Getting 5G to remote areas is relatively difficult. 5G coverage outside of cities is expensive, as it is reliant on densely placed tiny cells; infrastructure requirements are massive, and coverage is limited to devices within close vicinity to towers. Flying COWs might solve this problem while also assisting first responders in search and rescue efforts.

AT&T earlier used this technology to offer LTE service to customers

For years, AT&T has used this technology to offer LTE service to consumers during major events. The events like this year’s Super Bowl and natural catastrophes.
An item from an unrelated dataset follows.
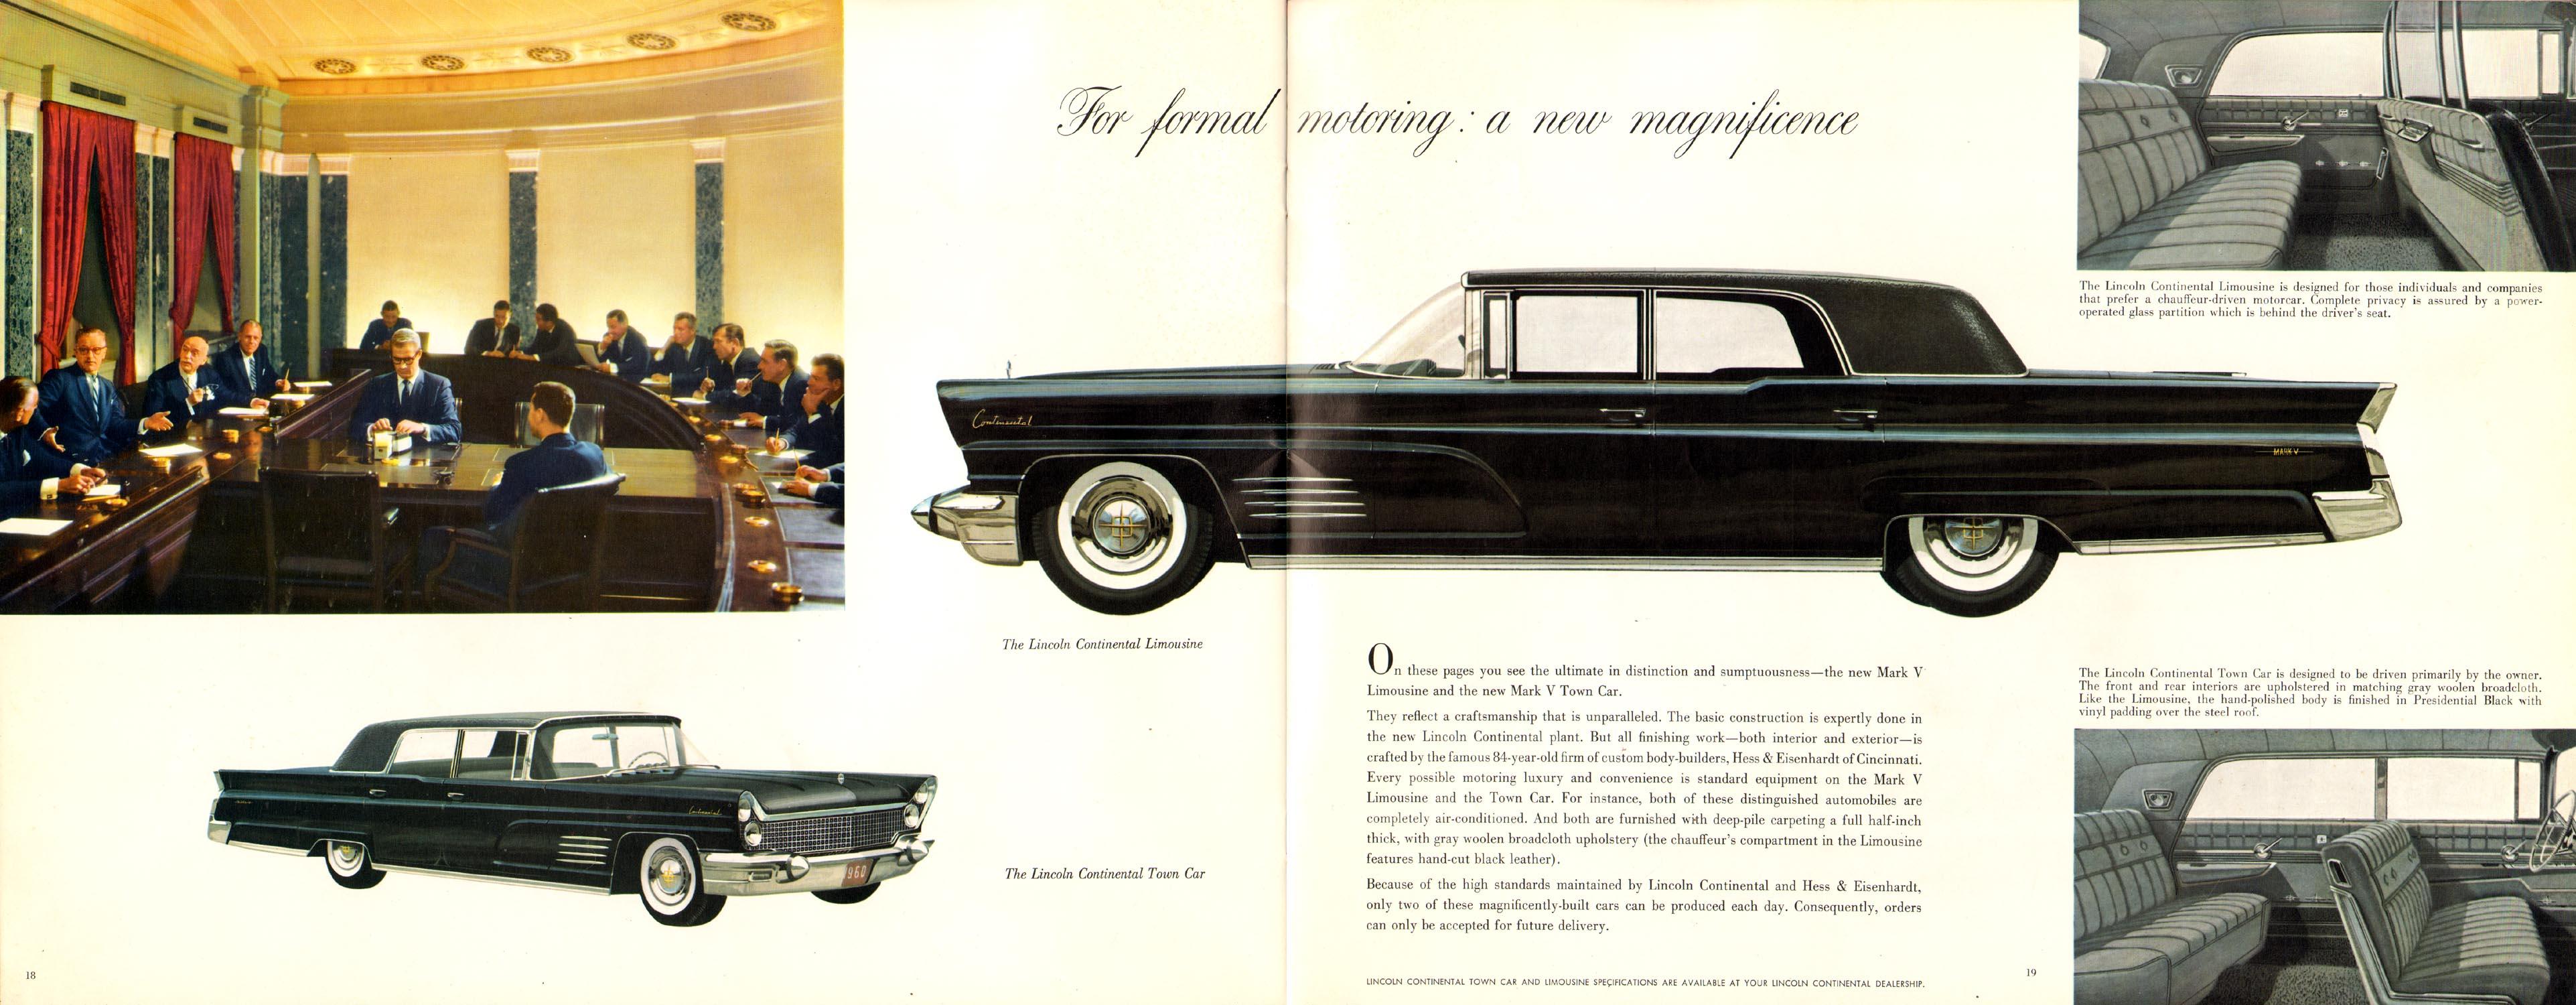 image 1960 lincoln continental prestige 1960 lincoln continental prestige 20 21. Black Bedroom Furniture Sets. Home Design Ideas
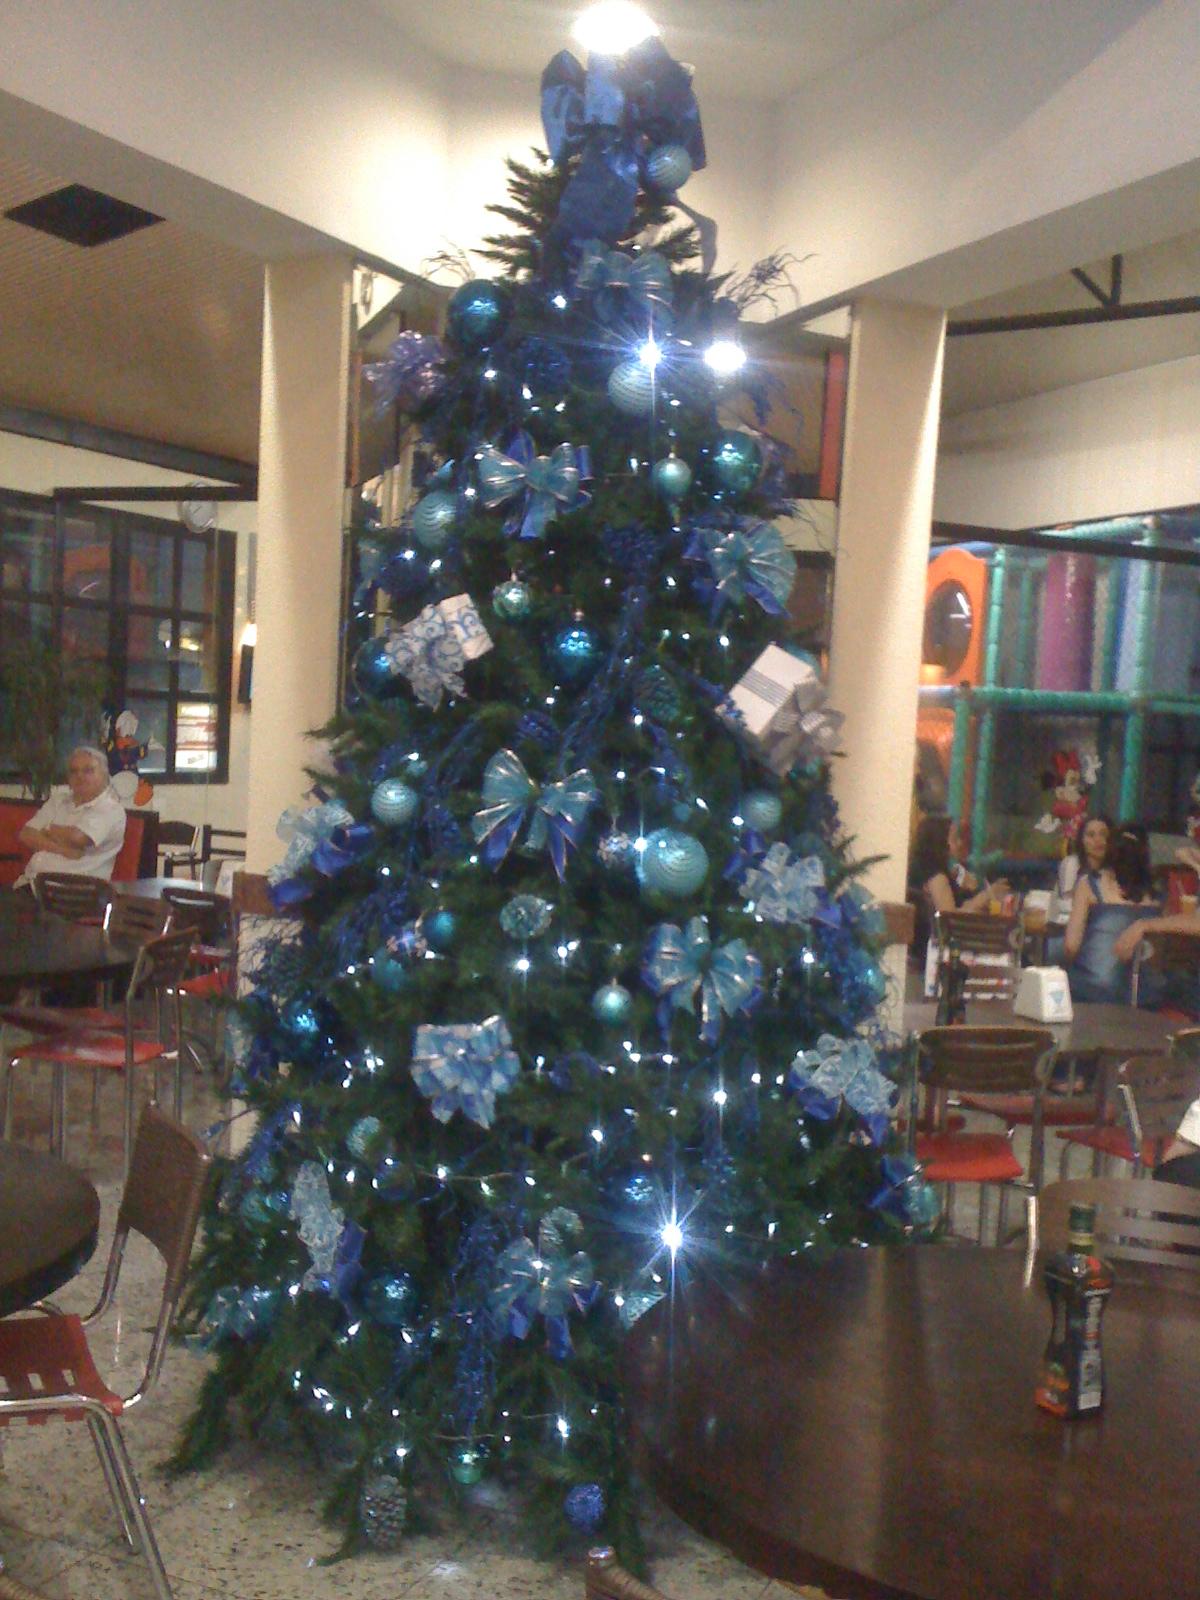 decoracao de arvore de natal azul e dourado : decoracao de arvore de natal azul e dourado:arranjo natalino Archives

While other firms may interact with drones using 5G signals, the Flying COW will operate as a cell site on a drone.

“We are currently working through several exciting technical challenges to expand the capabilities of our Flying COWs,” AT& T’s Unmanned Aircraft Systems programme director, Art Pregler, said of the project.

“We’re working on a way to fly autonomously for months without landing. To do this we’re utilising solar power to deliver secure, reliable, and fast 5G connection to big numbers of customers across broad geographic areas. This method might one day assist provide internet to rural and underprivileged populations in the United States and internationally.”